Authored by Matthew Vadum via The Epoch Times (emphasis ours),
A Minnesota farmer is suing the state over an agricultural grant program that discriminates on the basis of race and sex.
The program, called the Down Payment Assistance Grant Program, provides up to $15,000 in funding to help “emerging” farmers purchase farmland. It is administered by the Minnesota Department of Agriculture’s Rural Finance Authority.
Applicants must be Minnesota residents who have never owned a farm, earn less than $250,000 annually in gross agricultural sales, will farm the land for at least five years, and who will provide most of the labor and management of the farm.
According to the department, to be eligible, applicants must be women, veterans, disabled, American Indian or Alaskan Native, 35 or younger, urban, “members of a community of color,” individuals who are “lesbian, gay, bisexual, transgender, queer, intersex, or asexual (LGBTQIA+),” or “any other emerging farmers as determined by the commissioner.”
The plaintiff, Lance Nistler of Kelliher, Minnesota, is a white man who wants to purchase 40 acres of farmland in Beltrami County, Minnesota, for growing soybeans, oats, and wheat. He currently works on his relatives’ farm.
He complied with all eligibility requirements when he sought the grant. Out of 176 applicants, Lance was selected ninth in the grant lottery, but he was placed at the end of the list. Unknown to him at the time, the program put a premium on “emerging” farmers—as the department defines them—when awarding funds, regardless of lottery results, according to the Pacific Legal Foundation (PLF). The foundation, a Sacramento, California-based national public interest law firm that fights government abuses, is representing Mr. Nistler.
The state prioritizes grants to these emerging farmers, and any funding that remains may be awarded to non-emerging farmer applicants in the order of their lottery placement.
The legal complaint (pdf) in Nistler v. Walz was filed on Jan. 24 in the U.S. District Court for the District of Minnesota.
The defendants are Minnesota Gov. Tim Walz (D) and Thom Peterson, commissioner of the Minnesota Department of Agriculture. Both men are being sued in their official capacities.
PLF attorney Andrew Quinio weighed in on the case.
“Minnesota believes Lance Nistler is less deserving of a farm because he has the wrong skin color and sex.
“It is unfair for the government to advantage or disadvantage anyone for benefits based on immutable characteristics like race and sex. Lance Nistler seeks to be treated equally with any other prospective farmer,” the lawyer said.
In an interview, Mr. Quinio said, “this is an egregious case of discrimination against a hard-working farmer who wanted the opportunity to buy his own farm through this down payment assistance grant.
“I think what makes this so egregious is the grant was within my client’s reach. Mr. Nistler was the ninth applicant drawn in the lottery. And then, because of the discriminatory criteria that the state implemented, basically rigging the system against him, his application was reshuffled to the back of the line because he’s not an emerging farmer … that is a racial minority, LGBTQ, [or] a woman farmer.”

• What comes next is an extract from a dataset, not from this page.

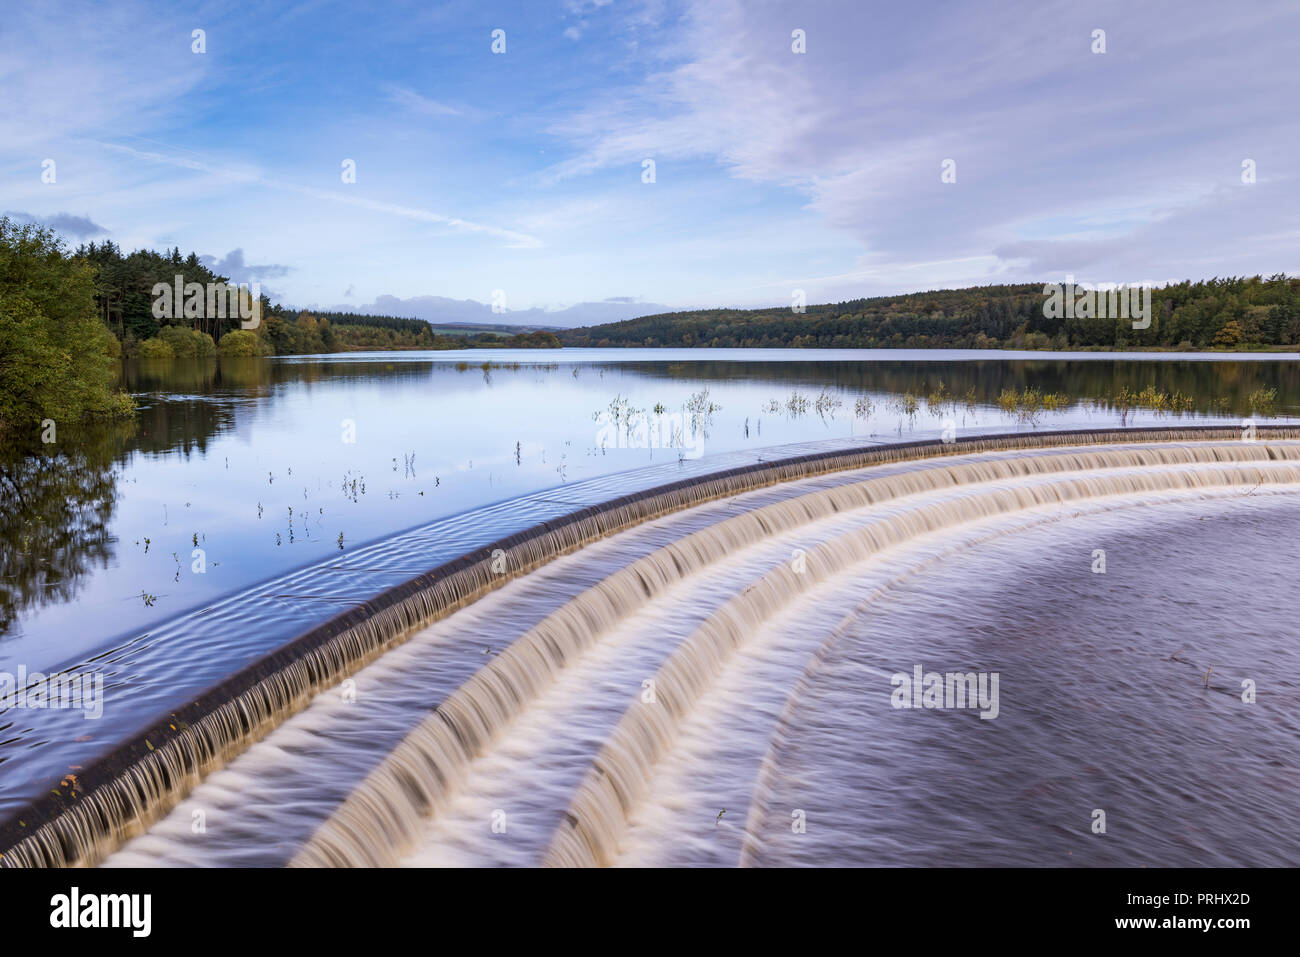 Water flowing over spillway from calm scenic tree-lined lake, under deep blue sky - Fewston Reservoir, Washburn Valley, North Yorkshire, England, UK. Stock Photo

He said the program, according to media outlets, was created “to address past discrimination,” but applicants “were never asked if they’ve been discriminated against in the past.”
“So we don’t know if anyone who’s actually been discriminated against has gotten grant funds,” he told The Epoch Times.
“The state’s just stereotyping people based on their skin color. And so they assume, because Mr. Nistler is a white male, that he’s less deserving of this grant money,” he said.
Mr. Quinio said he was optimistic about the lawsuit’s chances.
The grant program violates the Equal Protection Clause of the 14th Amendment to the U.S. Constitution, he said.
“The state just does not have a compelling interest to use race, nor does it have an exceedingly persuasive justification to use sex or gender. And I think that the case will bear that out,” he said.
The attorney was referring to the strict scrutiny test that courts use when reviewing legislative or executive branch enactments that have a bearing on constitutional rights. A government interest is deemed compelling when it is essential or necessary, as opposed to a matter of preference, choice, or discretion.
“I think we have a very good chance of prevailing given the Supreme Court’s ruling last summer in Students for Fair Admission v. Harvard,” Mr. Quinio said.
The Harvard case concerned the use of racially discriminatory admissions policies in the nation’s colleges.
In the majority opinion, Chief Justice John Roberts wrote that for too long, universities have “concluded, wrongly, that the touchstone of an individual’s identity is not challenges bested, skills built, or lessons learned but the color of their skin.”
“Our constitutional history does not tolerate that choice,” he wrote. Harvard’s admissions programs “cannot be reconciled with the guarantees of the Equal Protection Clause.”
Mr. Quinio said the Supreme Court’s decision “could not be any clearer,” and Mr. Nistler’s case is “a clear case of discrimination.”
“Whether it is college admissions or grants for farmers, the government cannot discriminate,” he added.
The Epoch Times reached out for comment to the offices of the Minnesota governor and the Minnesota Department of Agriculture but had not received any replies as of press time.